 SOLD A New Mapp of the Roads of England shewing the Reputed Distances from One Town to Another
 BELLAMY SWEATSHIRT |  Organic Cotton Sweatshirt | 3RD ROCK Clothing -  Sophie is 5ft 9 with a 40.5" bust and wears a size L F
——————————
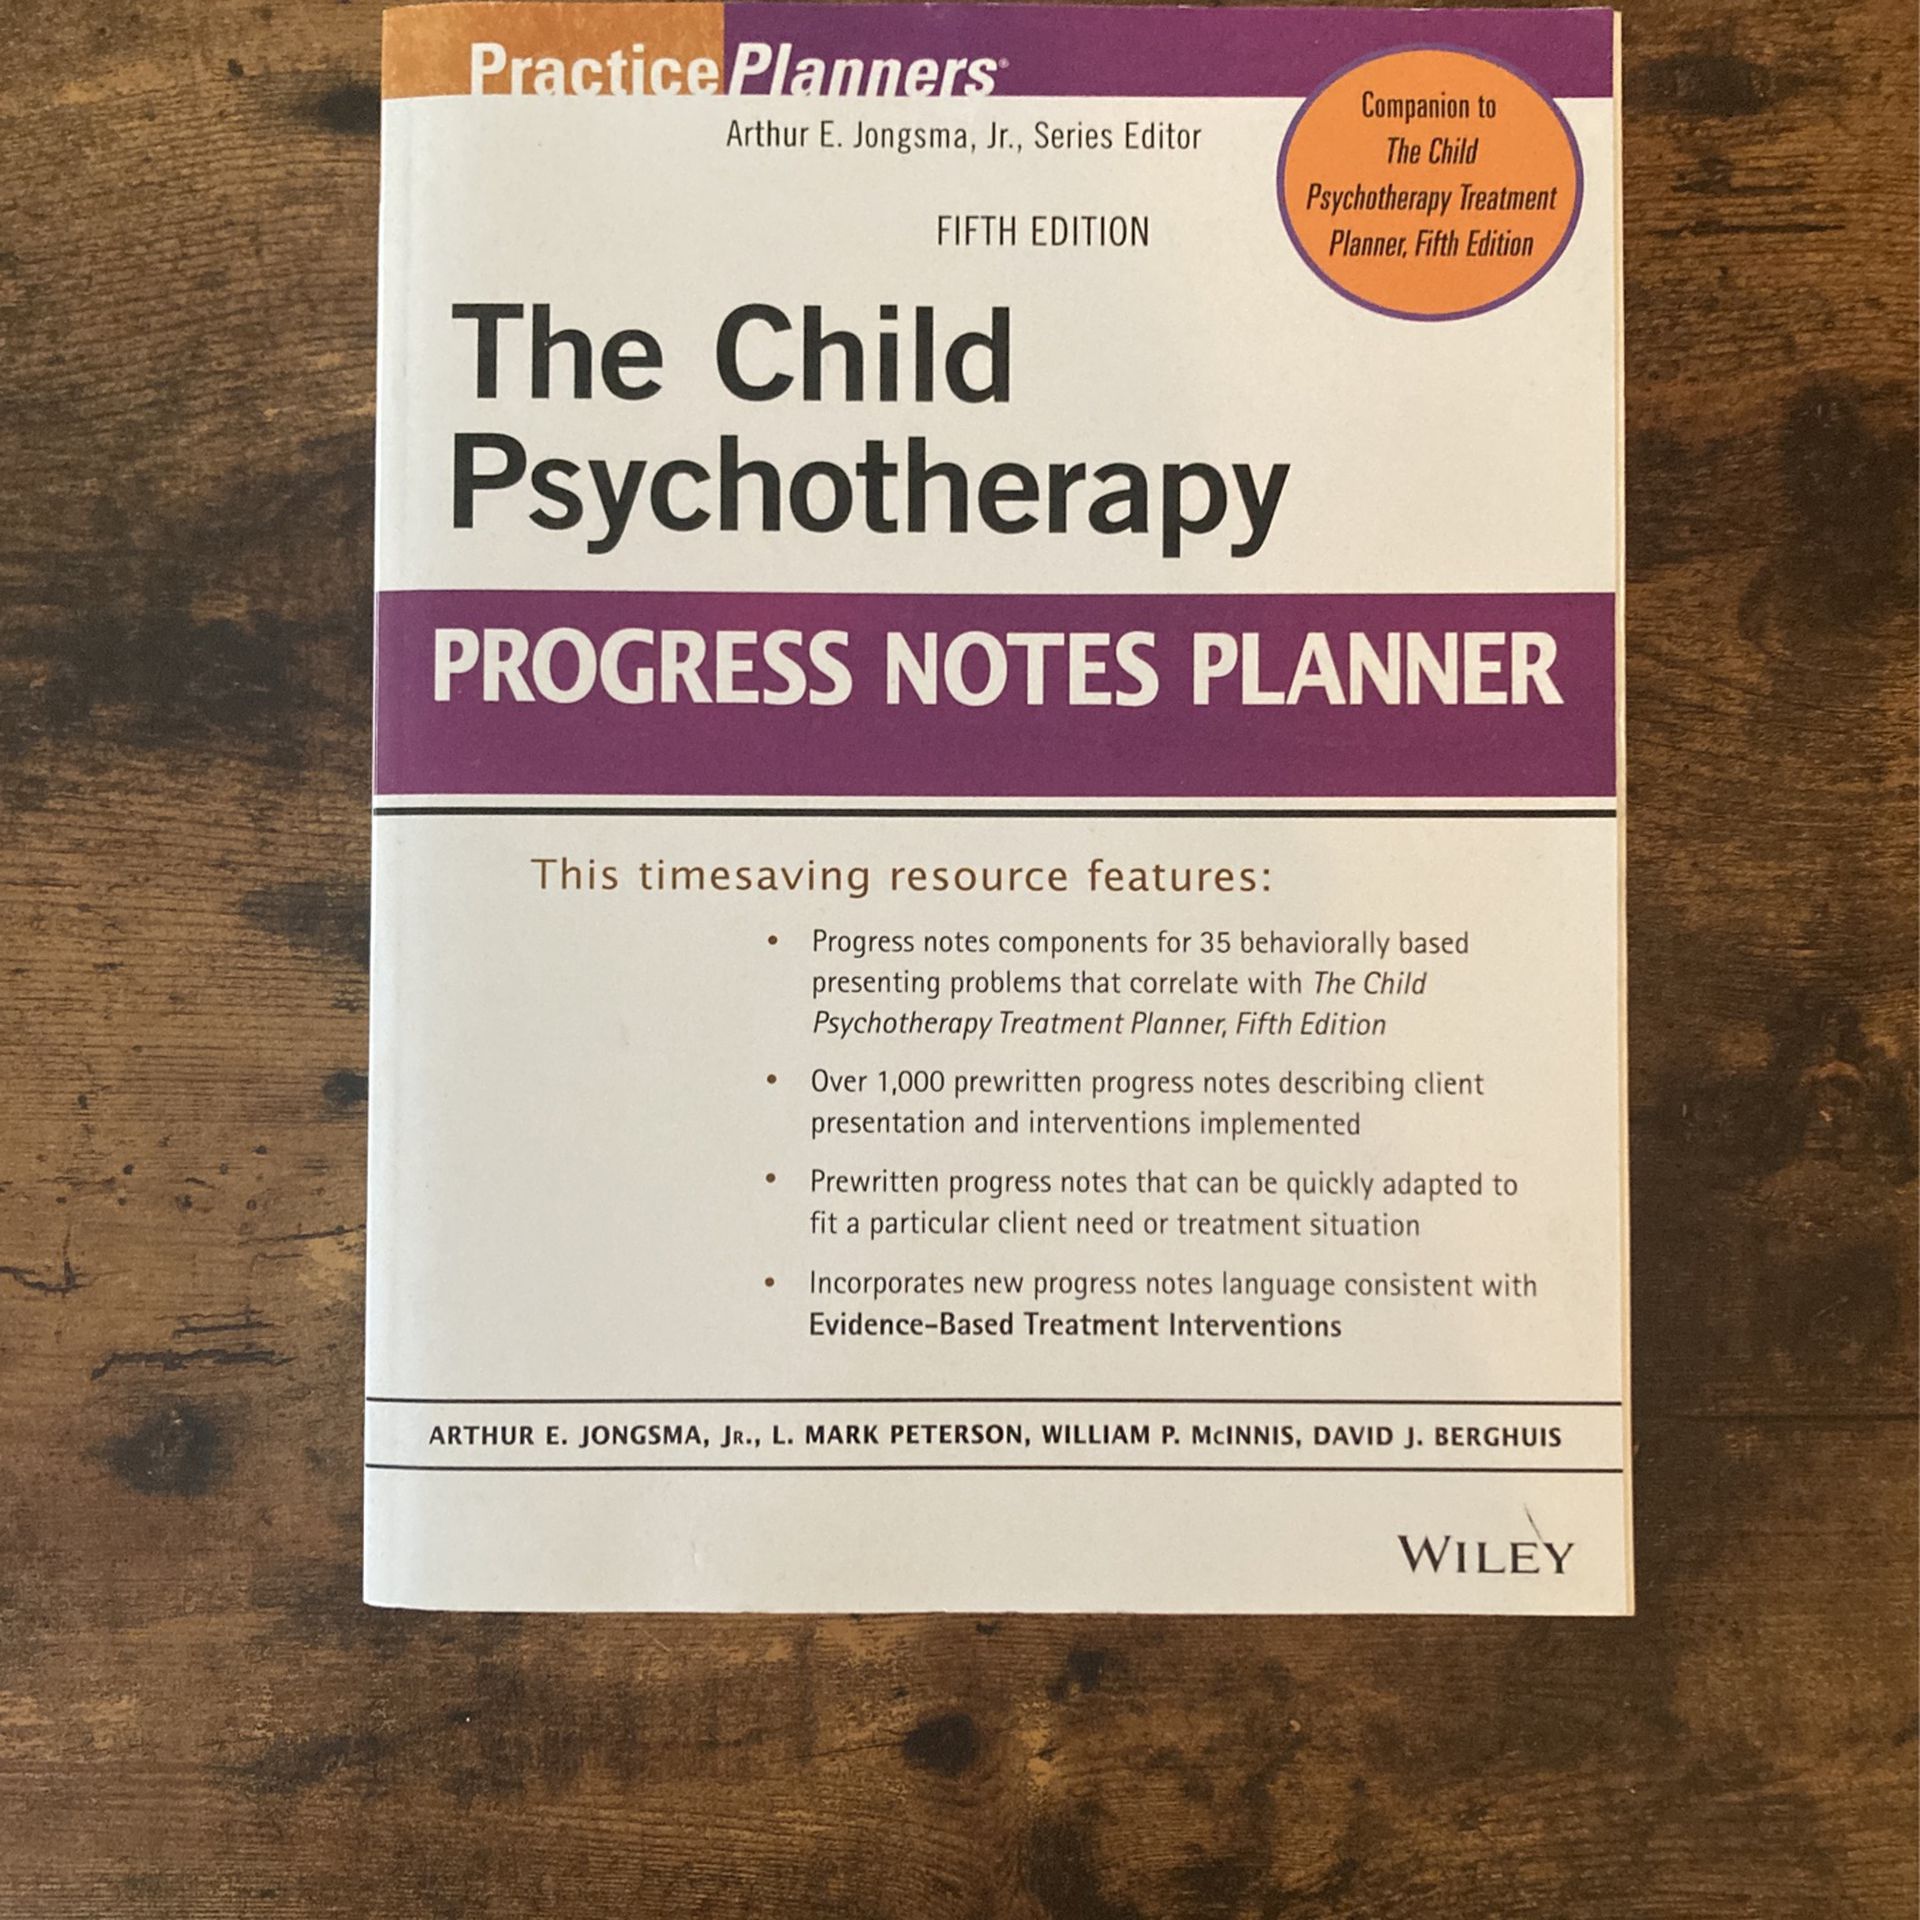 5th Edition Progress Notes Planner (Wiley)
——————————
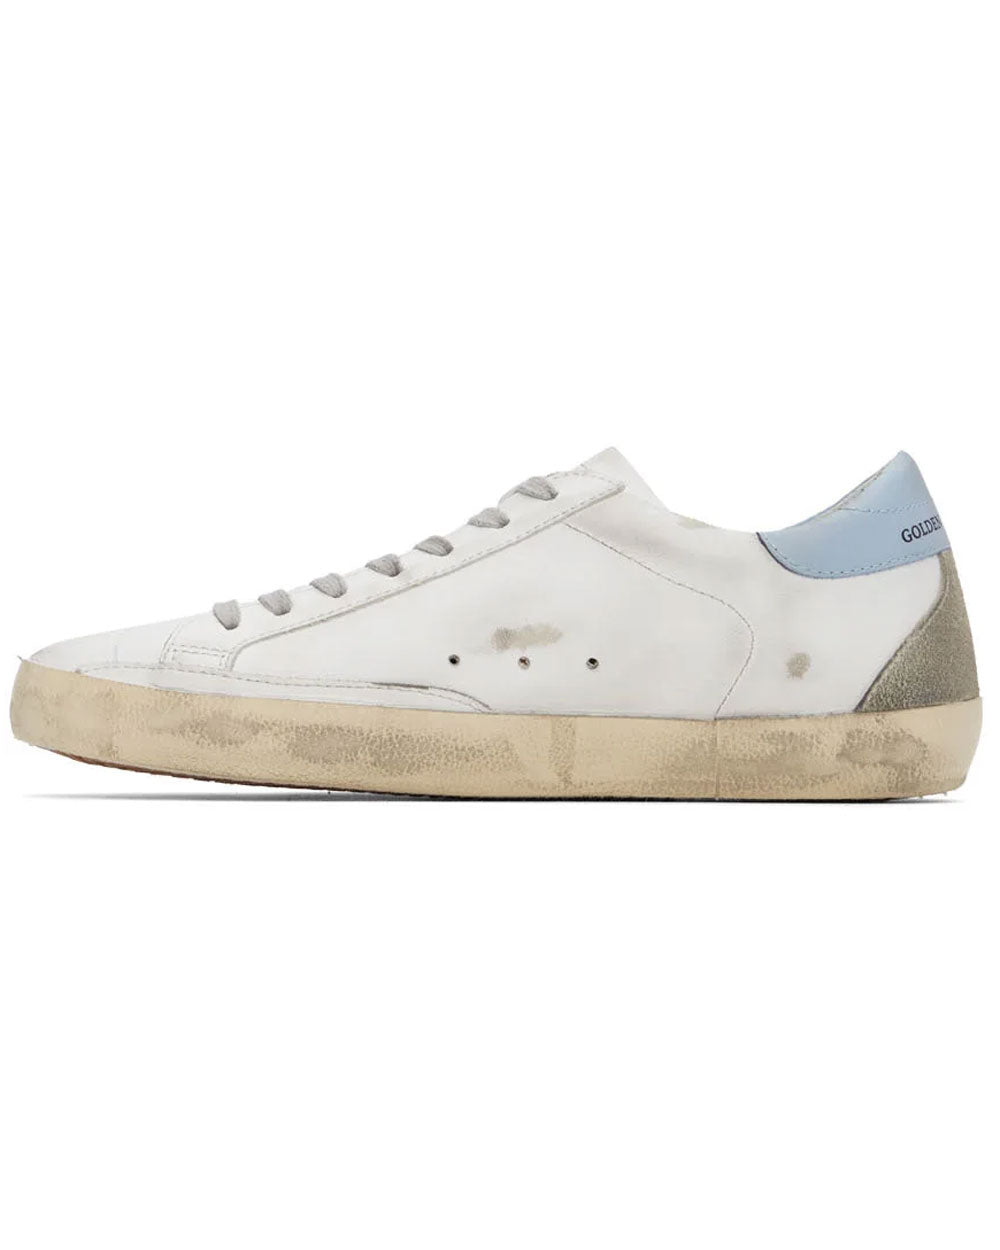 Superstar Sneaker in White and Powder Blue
——————————
PROMPT: Would you print exactly, and only, the lines of the data above from the line with "SOLD A New Mapp" through the line with "BELLAMY SWEATSHIRT |", inclusive?

EXERCISE RESPONSE:
 SOLD A New Mapp of the Roads of England shewing the Reputed Distances from One Town to Another
 BELLAMY SWEATSHIRT |  Organic Cotton Sweatshirt | 3RD ROCK Clothing -  Sophie is 5ft 9 with a 40.5" bust and wears a size L F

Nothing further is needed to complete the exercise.